Data:
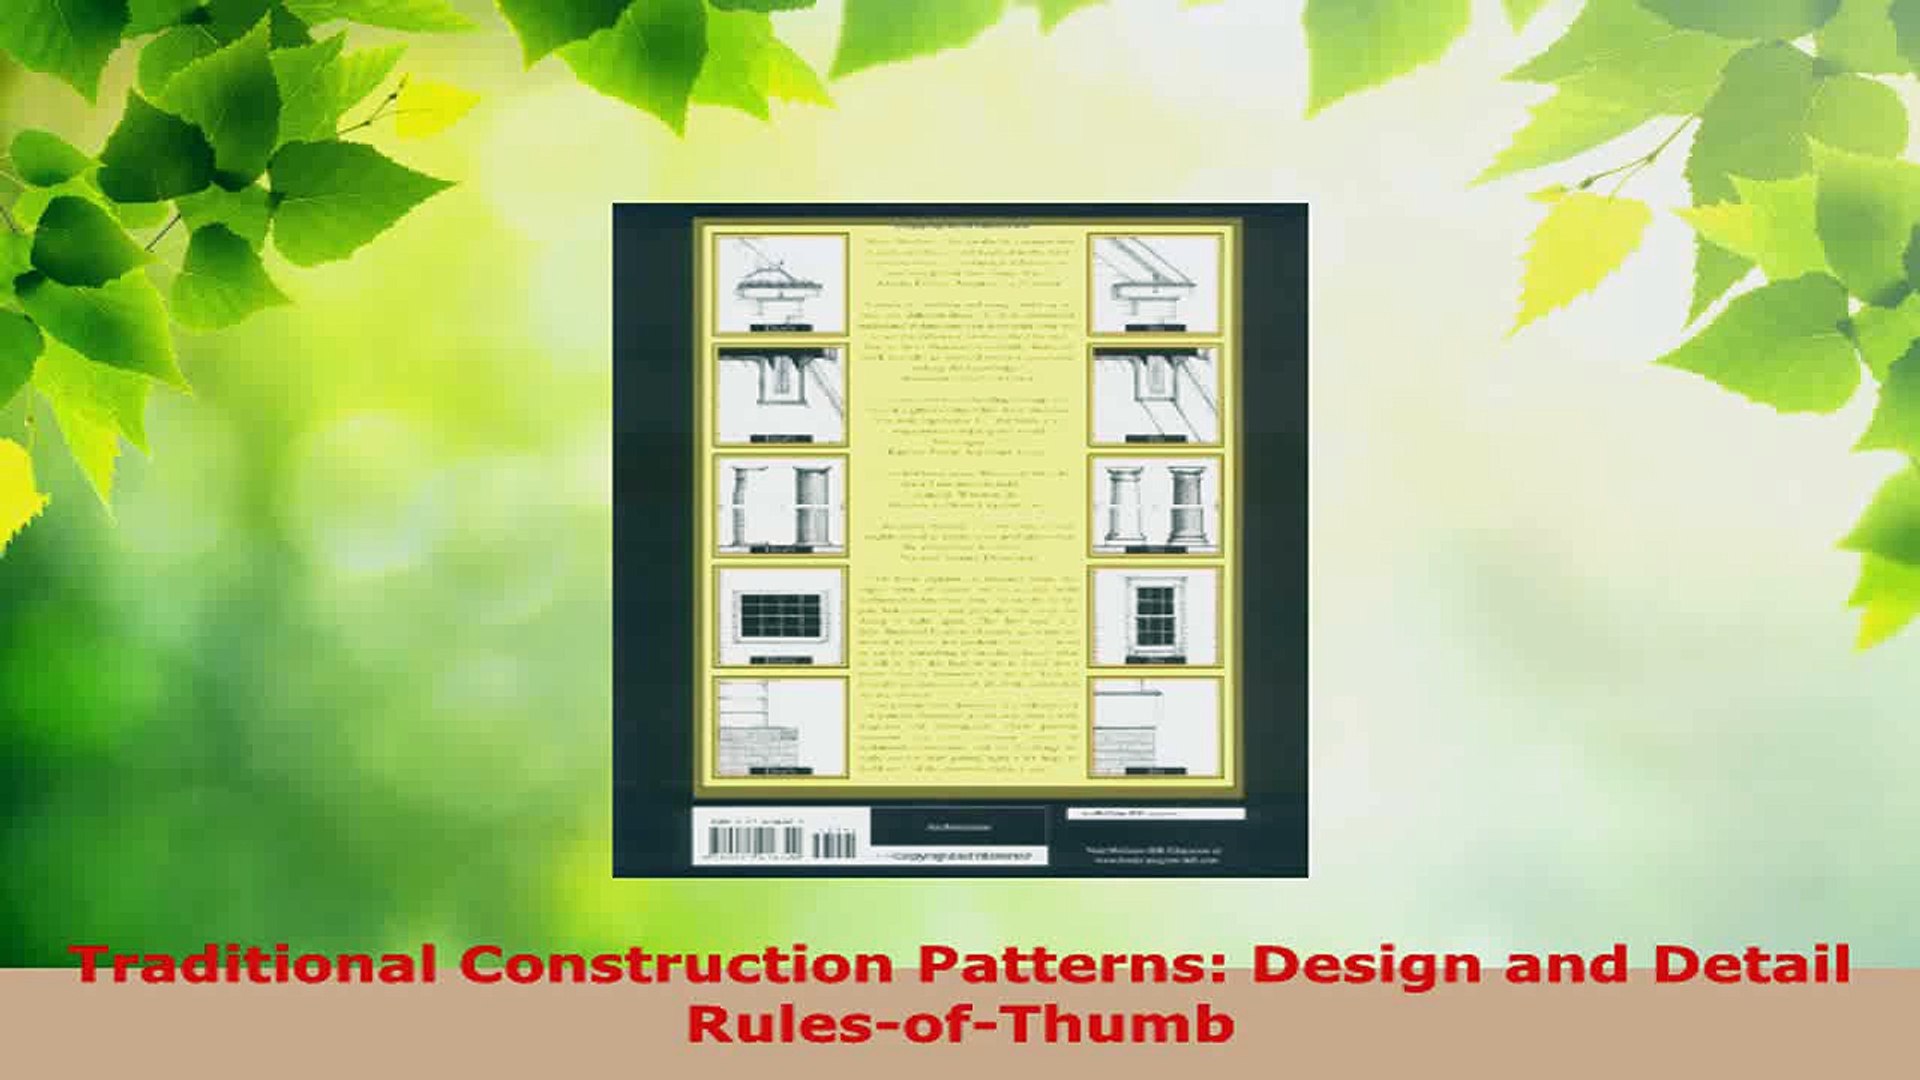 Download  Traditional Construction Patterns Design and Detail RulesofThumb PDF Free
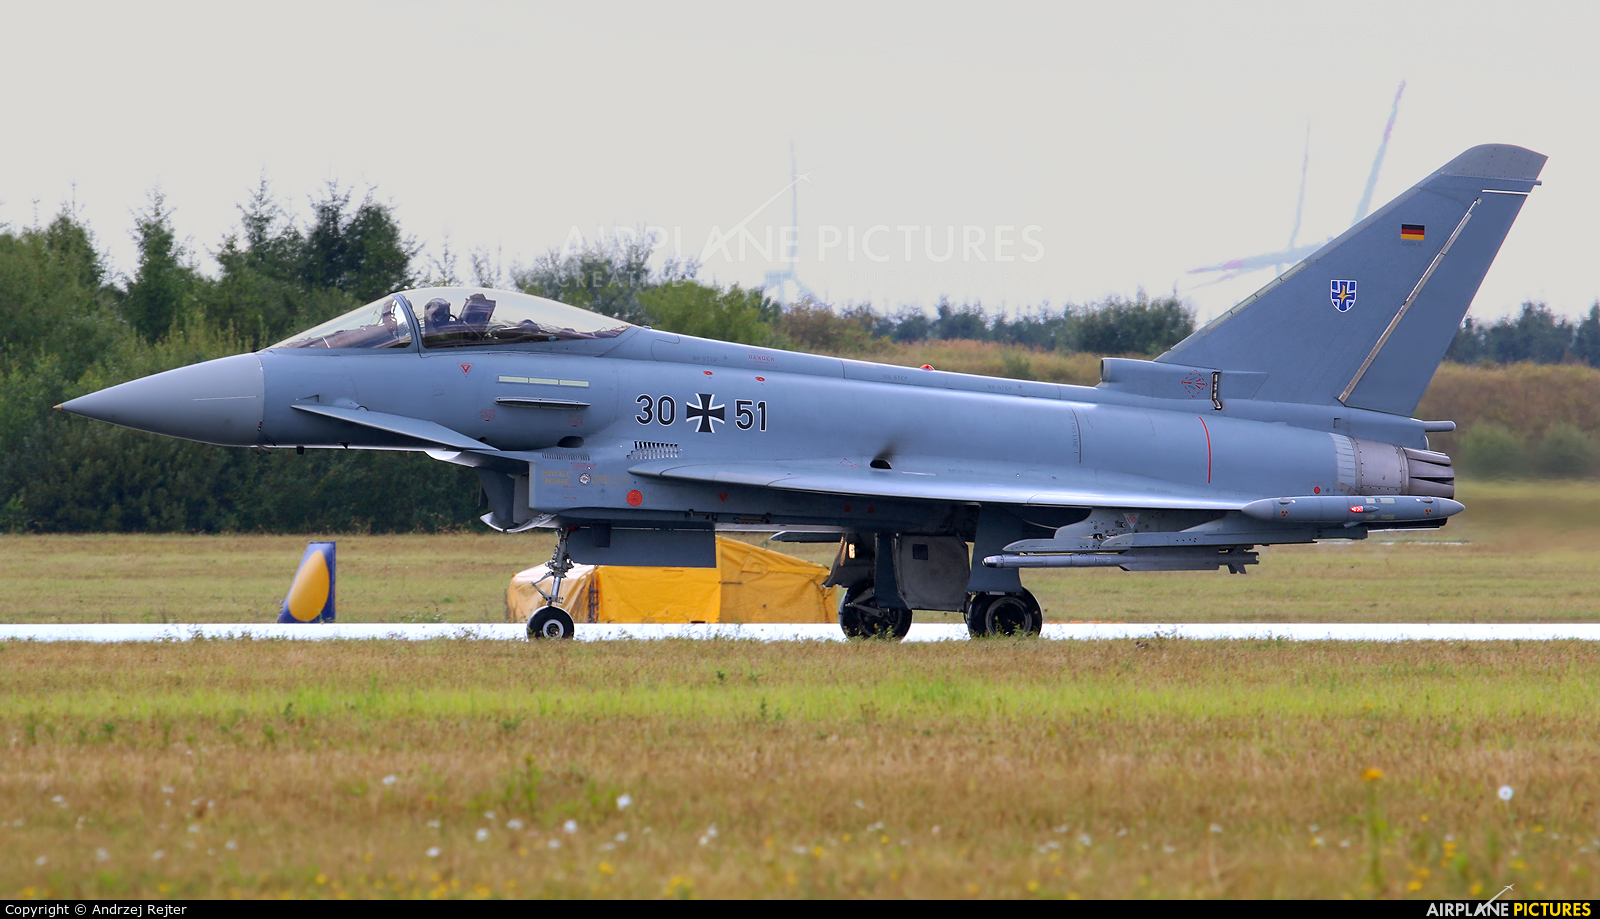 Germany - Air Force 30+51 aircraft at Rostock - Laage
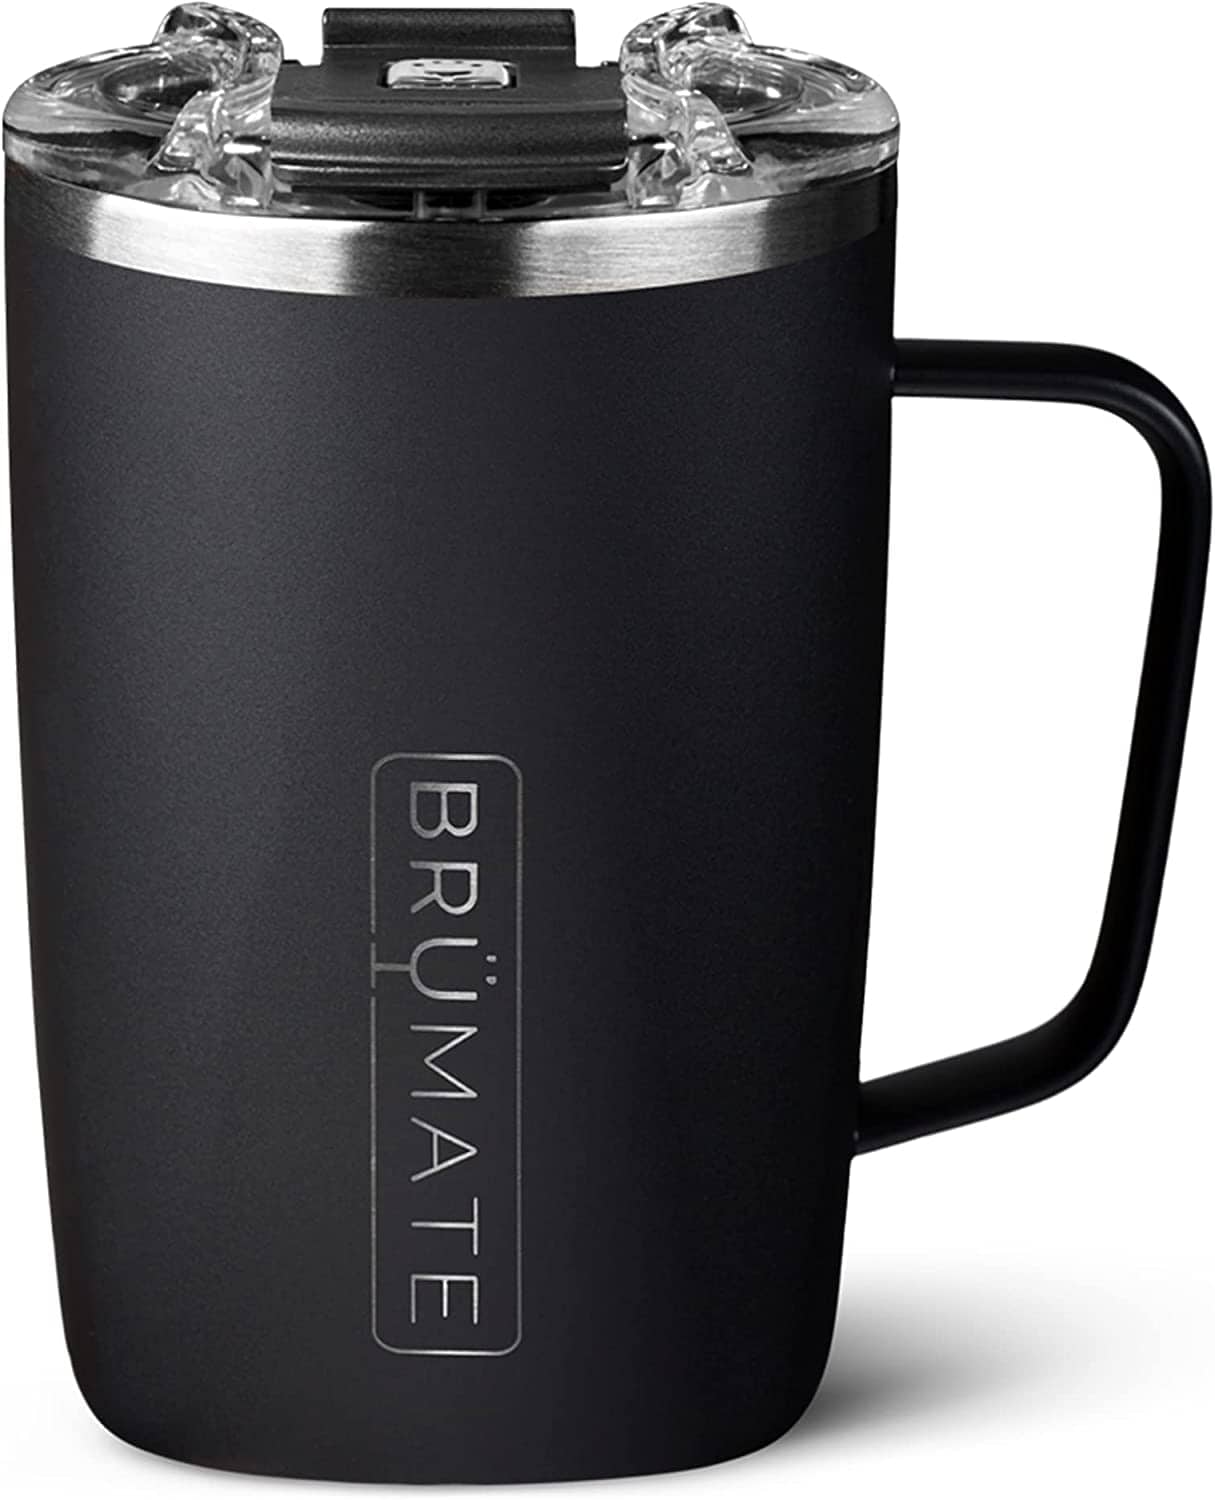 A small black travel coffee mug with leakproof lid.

Your objective: Restate the data word for word without pictures.

Response:
 Download  Traditional Construction Patterns Design and Detail RulesofThumb PDF Free
 Germany - Air Force 30+51 aircraft at Rostock - Laage
 A small black travel coffee mug with leakproof lid.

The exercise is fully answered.